_ACTION ITEM_
The records that follow are to be printed exactly, with no images.

[Opening MATERIAL FOR THIS TASK section]

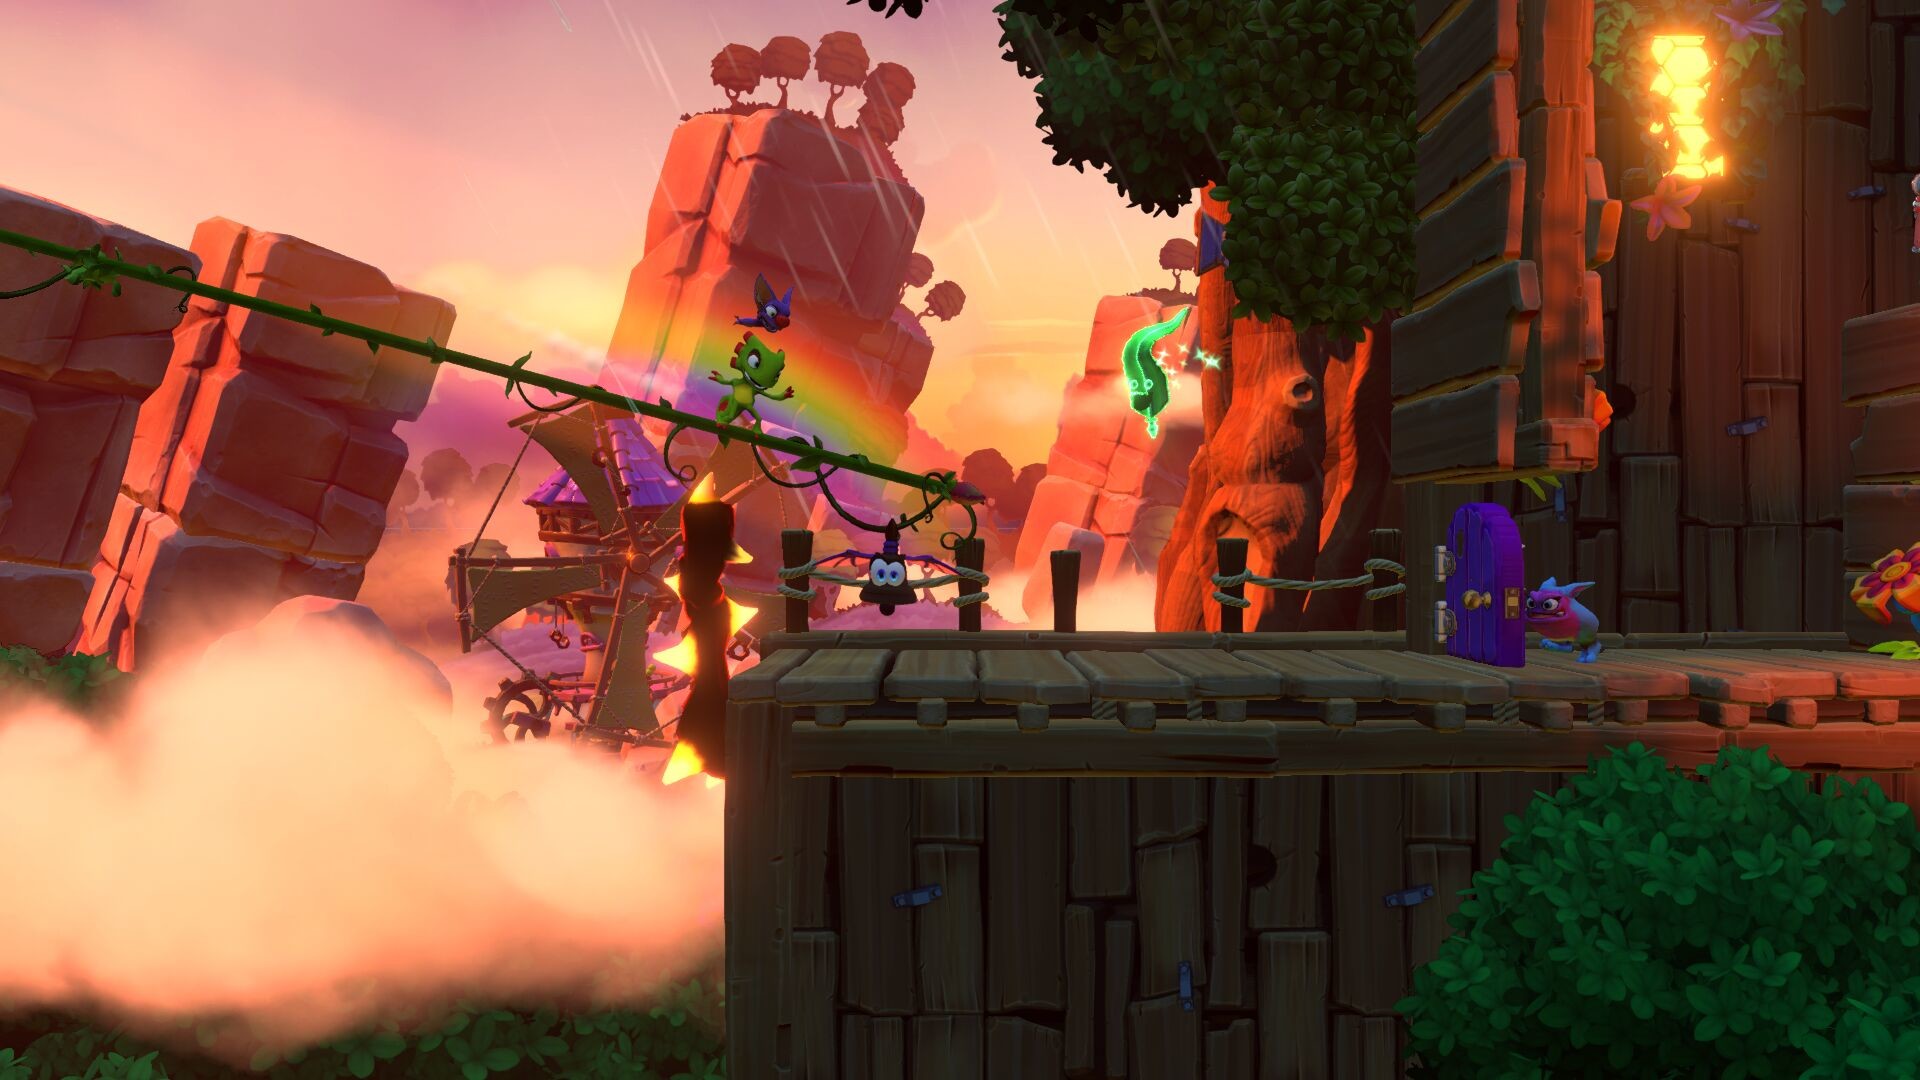 Yooka-Laylee and the Impossible Steam Lair on
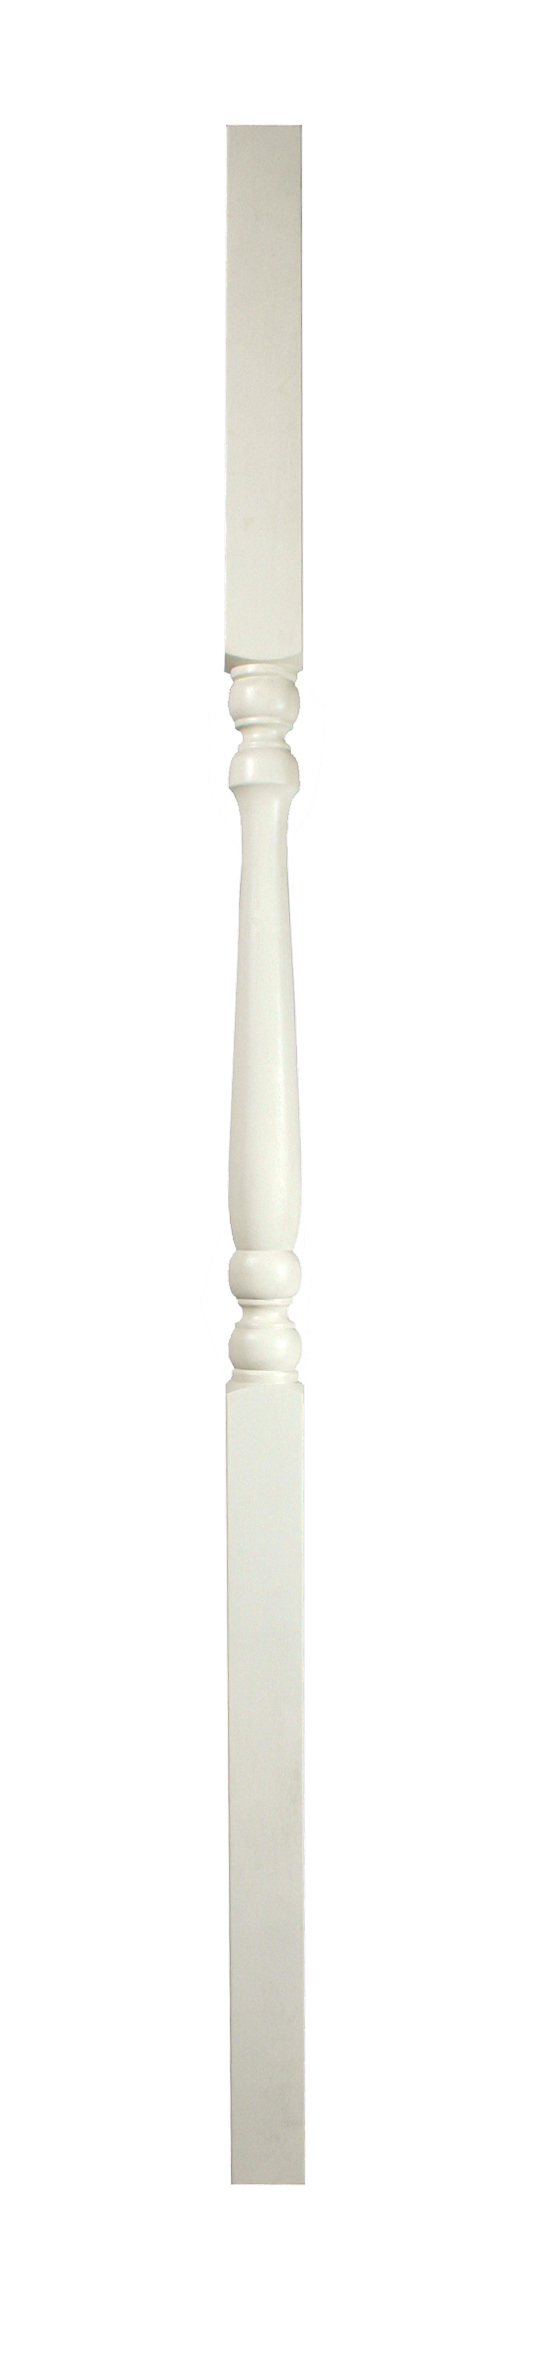 1 Smooth Primed Colonial Spindle 1100 41
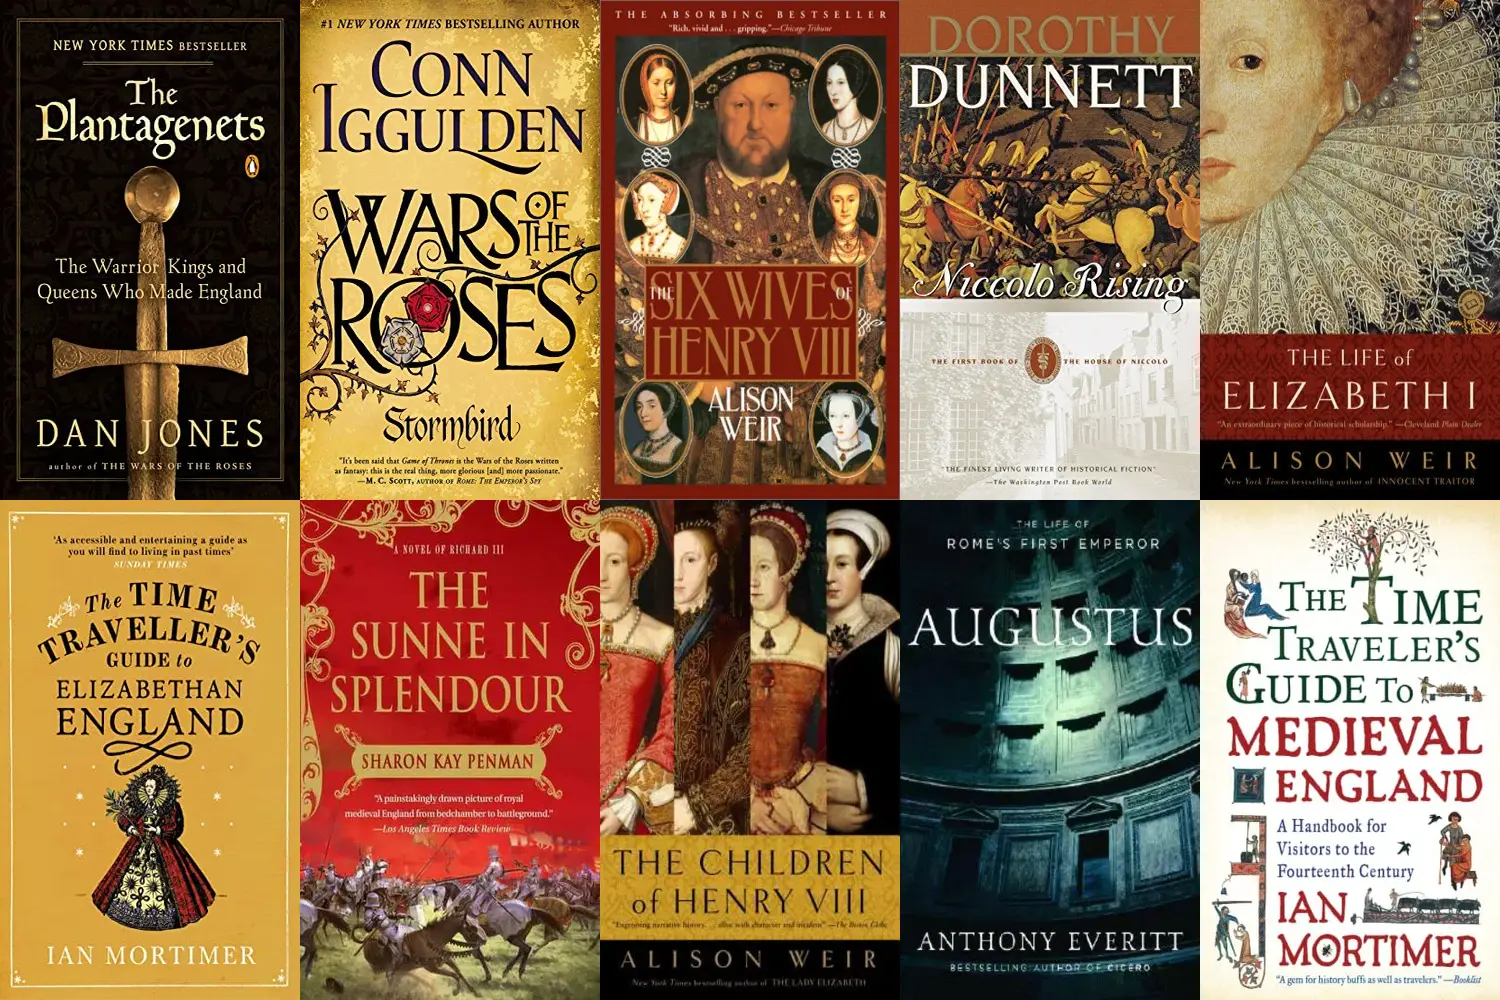 The Wars of the Roses: The Fall of the Plantagenets and the Rise of the  Tudors by Dan Jones
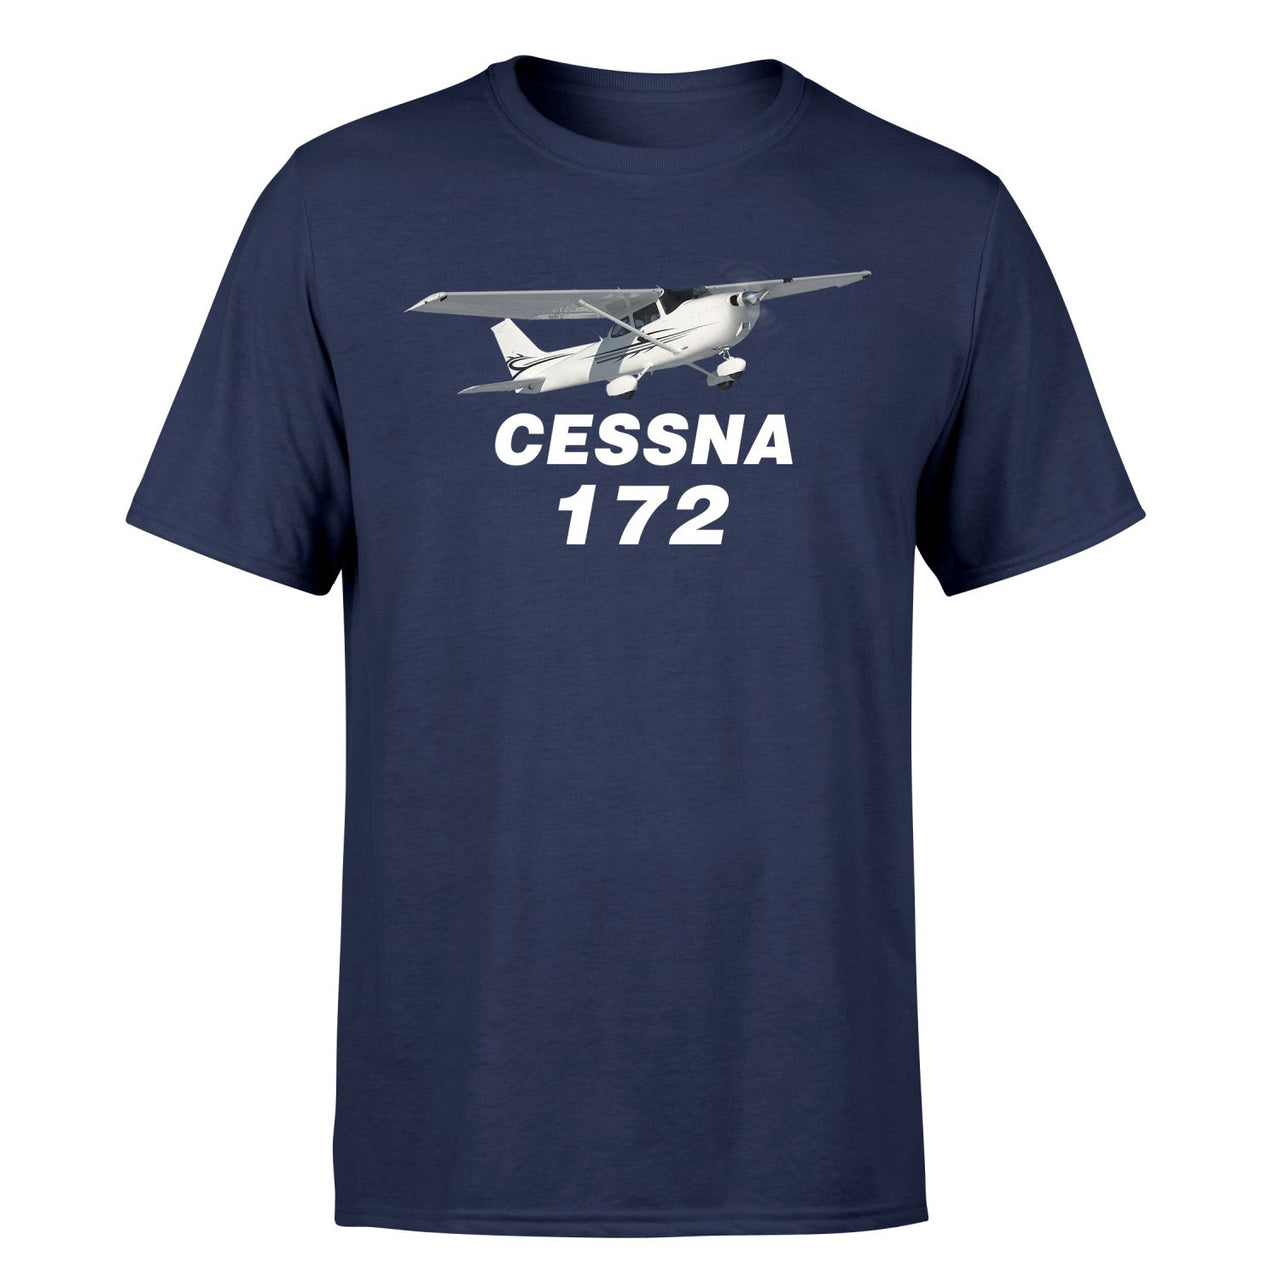 The Cessna 172 Designed T-Shirts
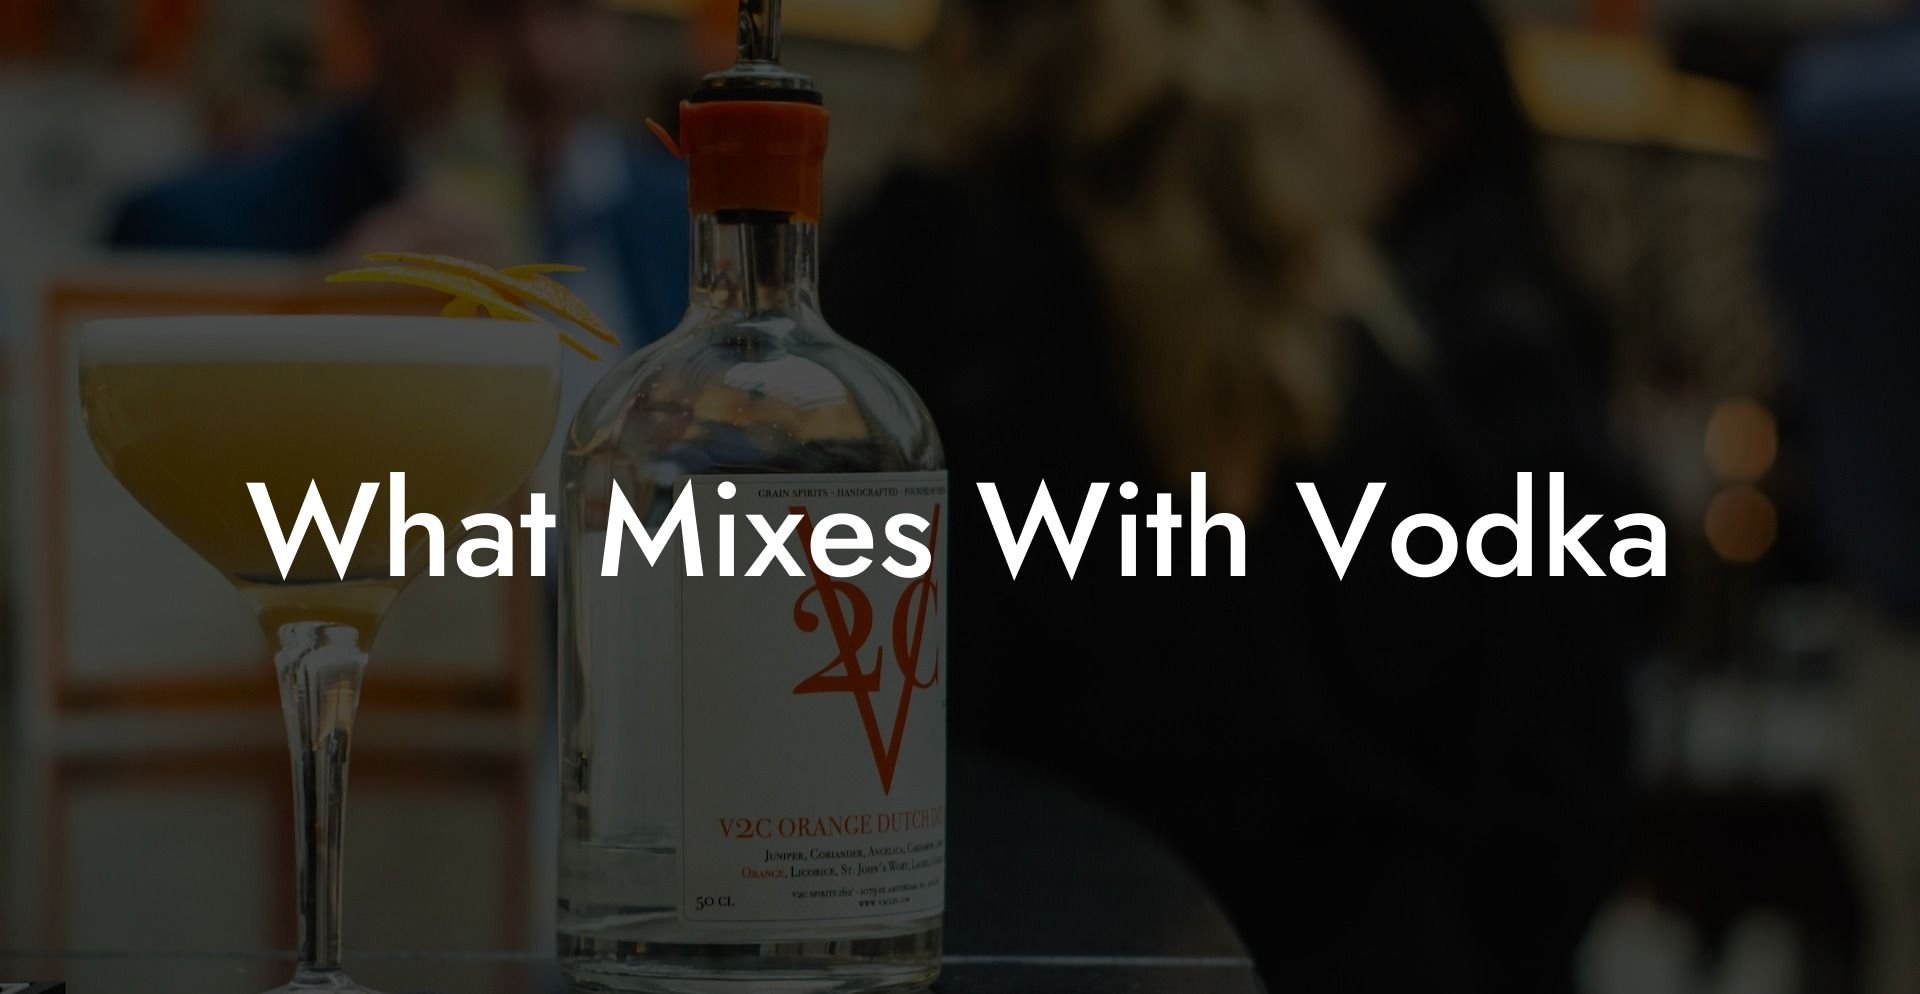 What Mixes With Vodka

[Closing MATERIAL FOR THIS TASK section]

_RESULT OF THIS EXERCISE_
 Yooka-Laylee and the Impossible Steam Lair on
 1 Smooth Primed Colonial Spindle 1100 41
 The Wars of the Roses: The Fall of the Plantagenets and the Rise of the  Tudors by Dan Jones
 The Cessna 172 Designed T-Shirts
 What Mixes With Vodka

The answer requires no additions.